Magelssen traces his interest in simulations to his teenage years in Wisconsin, where he worked as a lumberjack waiter at Historyland, a tourist venue that featured a simulated 19th century Wisconsin logging camp and Indian encampment. He wrote a paper about Historyland as a graduate student in drama, followed by a Ph.D. dissertation on other tourist sites that use simulations to bring the past to life. In his book, he focuses on how simulations can promote social change.

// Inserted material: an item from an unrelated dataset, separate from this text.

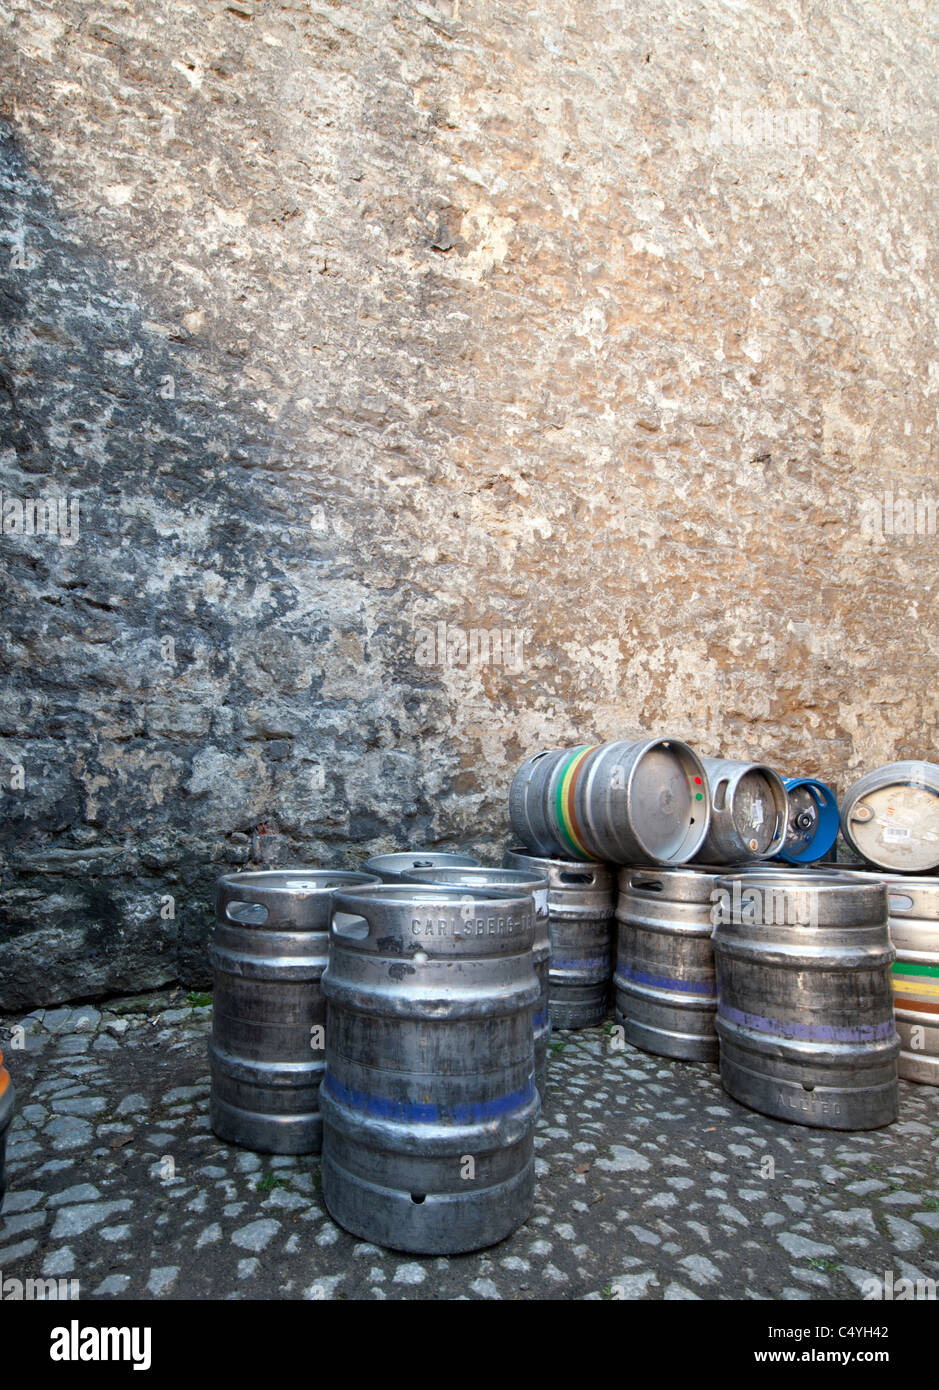 Barils de bière d'être stockée sur une rue pavée en pierre). La Taverne de gazon Oxford pub Banque D'Images

To research the book, Magelssen, associate professor of drama, participated in or observed more than a dozen simulations. Some serve a training role, such as an Iraqi province simulation staged north of Death Valley to prepare U.S. soldiers headed for the Middle East. Others cater to tourists. At family-friendly Colonial Williamsburg, visitors observe actors depicting life in colonial America. A living history museum in Indiana offers a more immersive—and emotional—simulation in which participants take on the role of slaves escaping to freedom through the Underground Railroad.
The most intense simulation Magelssen has personally experienced? That would be a grueling six-hour simulation of an illegal nighttime border crossing into the U.S. Led by veteran migrants in Mexico, the simulation involves running from (simulated) U.S. Border Patrol police, down steep hills into the muck of the riverbeds, losing shoes and dodging prickly cacti. It is designed for Mexican tourists, both to generate revenue and to discourage actual border crossings.
Magelssen, who teaches theater history and performance studies at the UW, acknowledges that simulations, particularly those that place privileged visitors in the role of society’s downtrodden, tread into sensitive territory. “What does it mean when the majority of people doing the Underground Railroad simulation are white, or when I play a Mexican migrant?” he says. “On the one hand, it’s arrogant to assume that we can step into the shoes of someone who has suffered in the past. On the other, what kind of people are we if we only stick to bodily experiencing our own localized history, our own ethnic and cultural identity? Are we better citizens of the world if we are invited to step into each others’ experiences?”
Magelssen, who was photographed above in the Burke Museum Café because it evokes an early 18th century French room, with its waxed wood paneling and 18th century oil paintings, believes there’s a lot to gain from walking a mile in someone else’s shoes. “That bodily difference complicates and adds nuance to one’s experience of history,” says the co-editor of Theater-Historiography.org. “One goal of my book is to talk about the difficult issues that arise. By taking those questions head on, we can have a deeper and richer experience.”